January 8, 2024 | Tiffany Cox Stacy and Beth Darby Adamek © Ogletree Deakins

building at Texas Tech University

Effective Jan. 1, a new Texas law prohibits public institutions of higher education from establishing or maintaining inclusion, equity and diversity (IE&D) offices or hiring or assigning officers, employees, or contractors to perform the duties of an IE&D office.

Institutions are required to adopt new policies to ensure compliance by their employees. This law does not apply to private schools in Texas.

The push to eliminate IE&D offices and initiatives began in Florida and Texas but rapidly spread to other states, with numerous bills being introduced in the most recent legislative sessions of state legislatures nationwide. In recent months, a few states enacted laws eliminating IE&D offices and/or limiting public institutions’ IE&D initiatives.

On June 17, 2023, Texas Gov. Greg Abbott signed into law Senate Bill 17.

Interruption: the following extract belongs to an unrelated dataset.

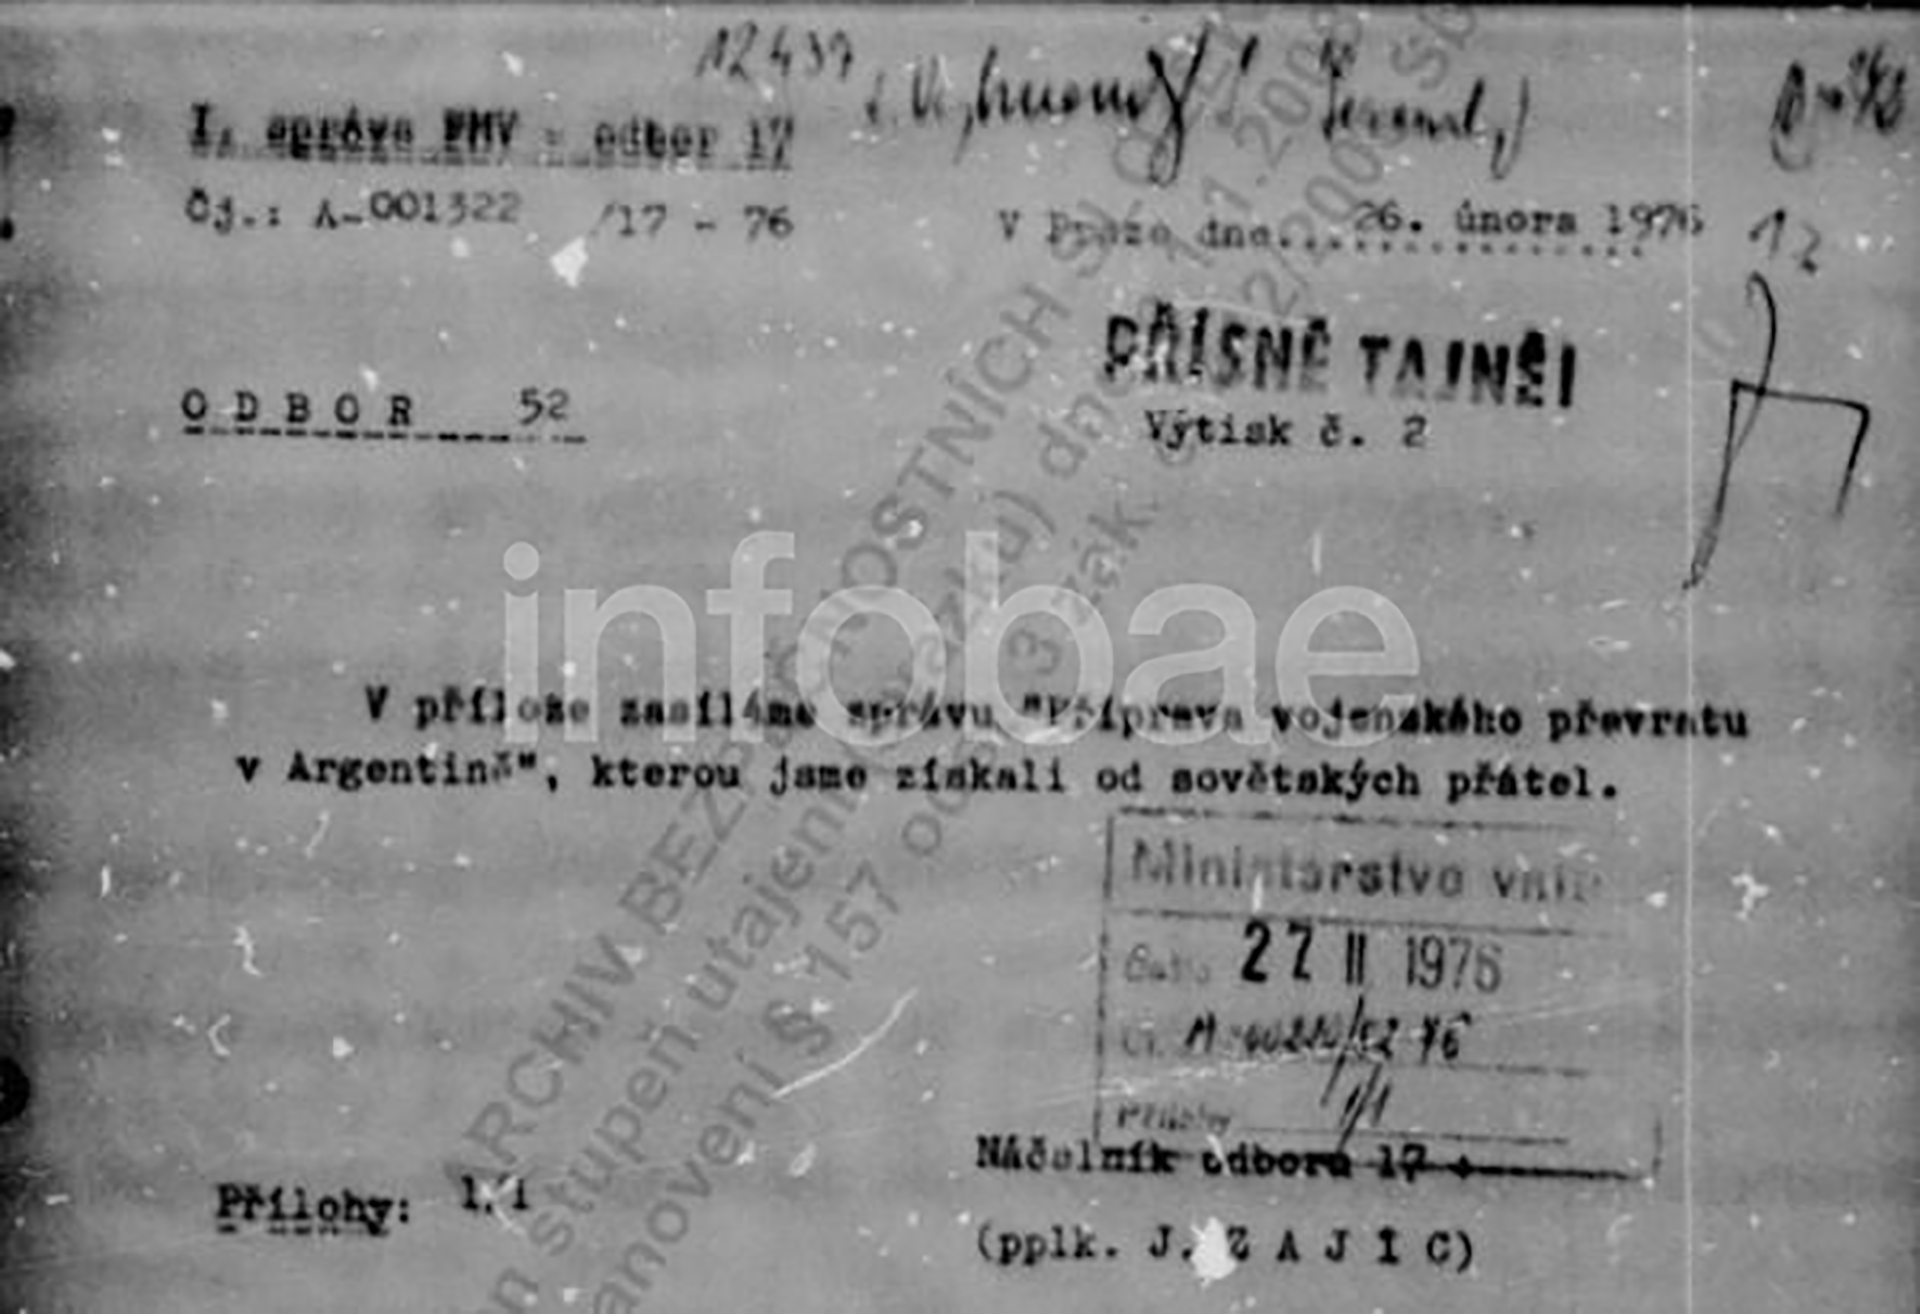 Copia de la nota que acompaña el informe soviético sobre la entrevista entre Videla y Balbín

Except as required by federal law, and starting in the spring semester of the 2023–2024 academic year, a public institution of higher education in Texas may not:

  • Establish or maintain an IE&D office.
  • Hire or assign an employee or contractor to perform the duties of an IE&D office.
  • Compel, require, induce, or solicit any person to provide an IE&D statement or give preferential consideration to any person based on the provision of an IE&D statement.
  • Give preference on the basis of race, sex, color, ethnicity, or national origin to an applicant for employment, an employee, or a participant in any function of the institution.
  • Require participation in IE&D training as a condition of enrollment or performance of any institution function.

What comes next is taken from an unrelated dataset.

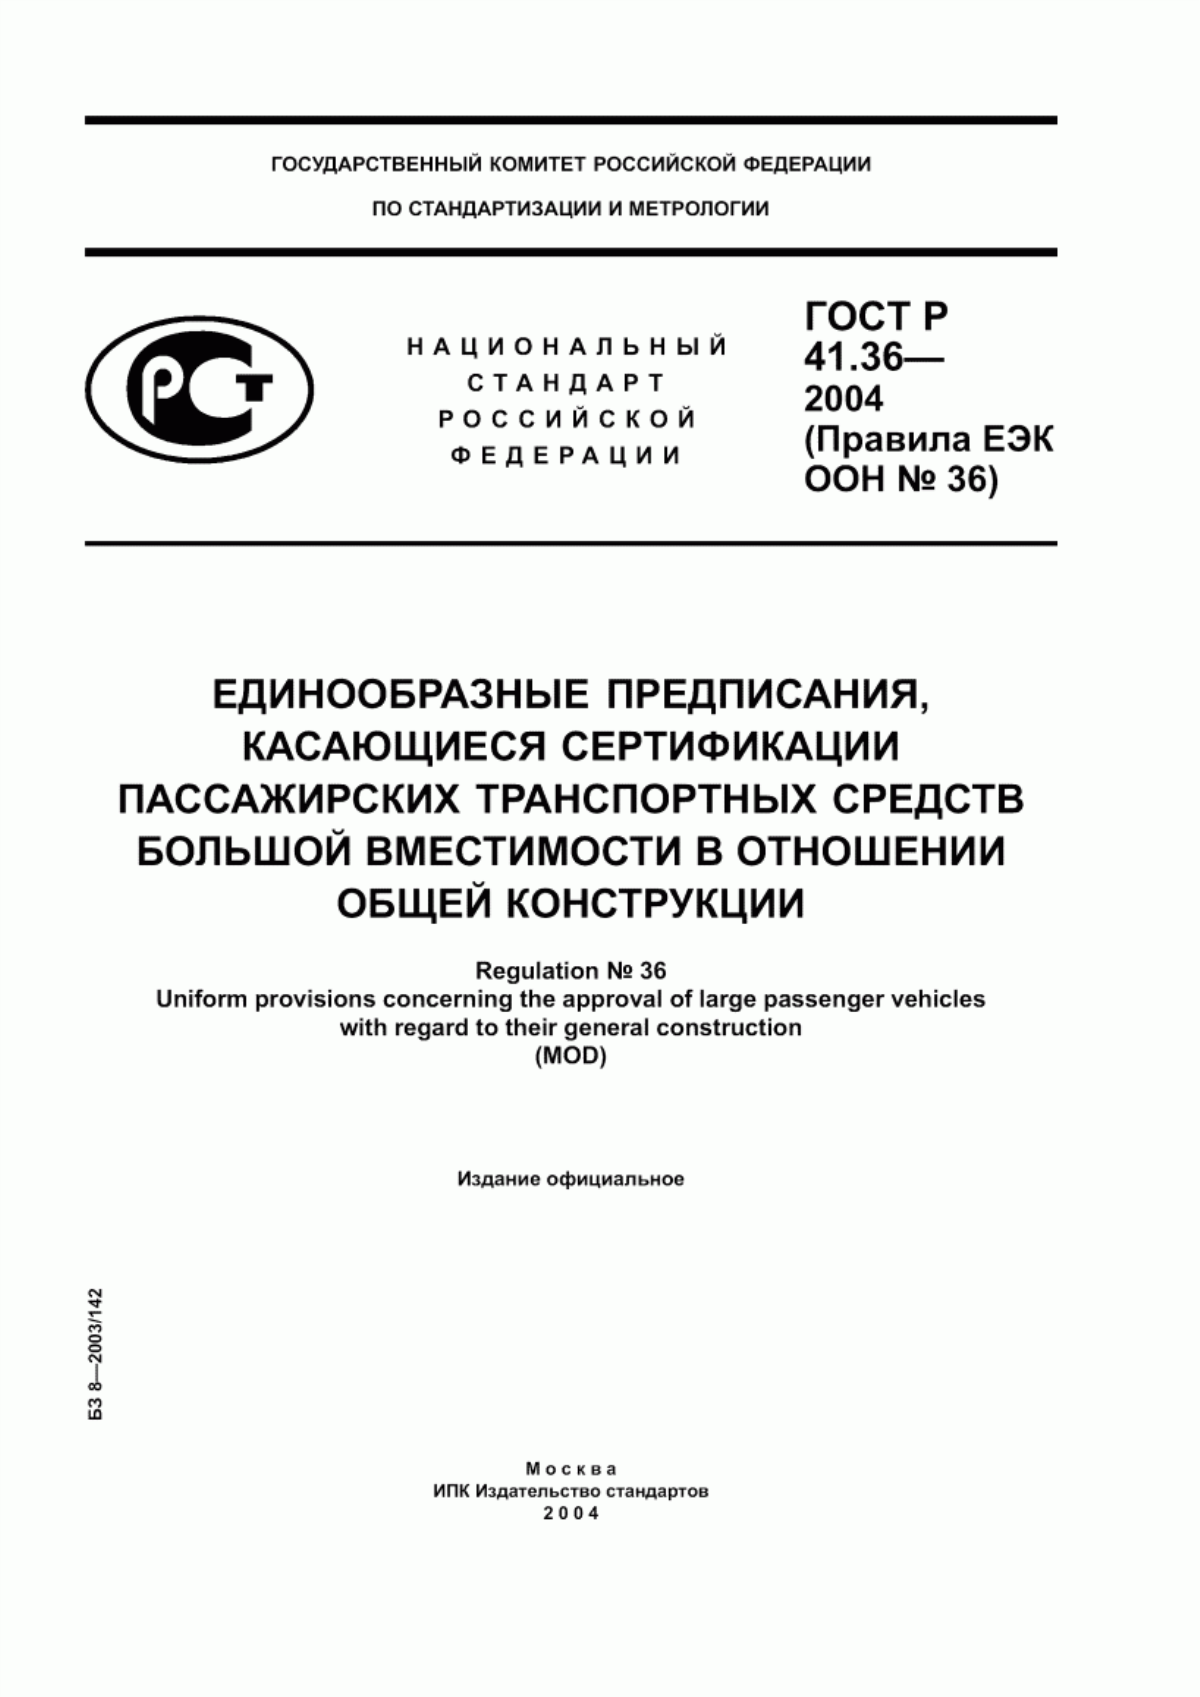 ГОСТ Р 41.36-2004 Единообразные предписания, касающиеся сертификации пассажирских транспортных средств большой вместимости в отношении общей конструкции

Further, the law requires public institutions of higher education to adopt policies and procedures for appropriately disciplining, including by termination, an employee or contractor who violates the law.

The law contains a few specific carve-outs. An institution of higher education and its employees are not limited or prohibited from highlighting the institution’s work in supporting first-generation college students, low-income students, or underserved student populations for purposes of applying for a grant or complying with the terms of an accreditation by an accrediting agency.

Similarly, the law does not apply to:

  • Academic course instruction.
  • Scholarly research or creative work by an institution of higher education’s students, faculty, or research personnel.
  • An activity of a student organization registered with or recognized by an institution of higher education.
  • Guest speakers or performers on short-term engagements.
  • A policy, practice, procedure, program, or activity to enhance student academic achievement or postgraduate outcomes that is designed and implemented without regard to race, sex, color, or ethnicity.
  • Data collection.
  • Student recruitment or admissions.

Time is of the essence to comply fully with the new law, make necessary changes to offices, policies, and programs, and adopt new policies. The law effective now, and beginning on Sept. 1, 2024, an institution may not spend state-appropriated money until the institution submits to the Texas Legislature and the Texas Higher Education Coordinating Board a report certifying the institution’s compliance.

Key Takeaways

Public higher education institutions in Texas may want to consider taking the following steps:

  • Updating and adopting policies, procedures, and programs to comply with the new law.
  • Reviewing and making changes to offices, units, departments, job titles and duties to confirm compliance.
  • Ensuring that hiring is conducted in accordance with updated policies aligned with the law’s requirement that faculty members and employees be hired based solely on merit and that each institution not compel, require, induce, or solicit any person to provide an IE&D statement.
  • Ensuring continued compliance with existing obligations under federal and state laws, such as the antidiscrimination requirements of the Civil Rights Act of 1964, the Equal Protection Clause of the Fourteenth Amendment of the United States Constitution, and Executive Order 11246.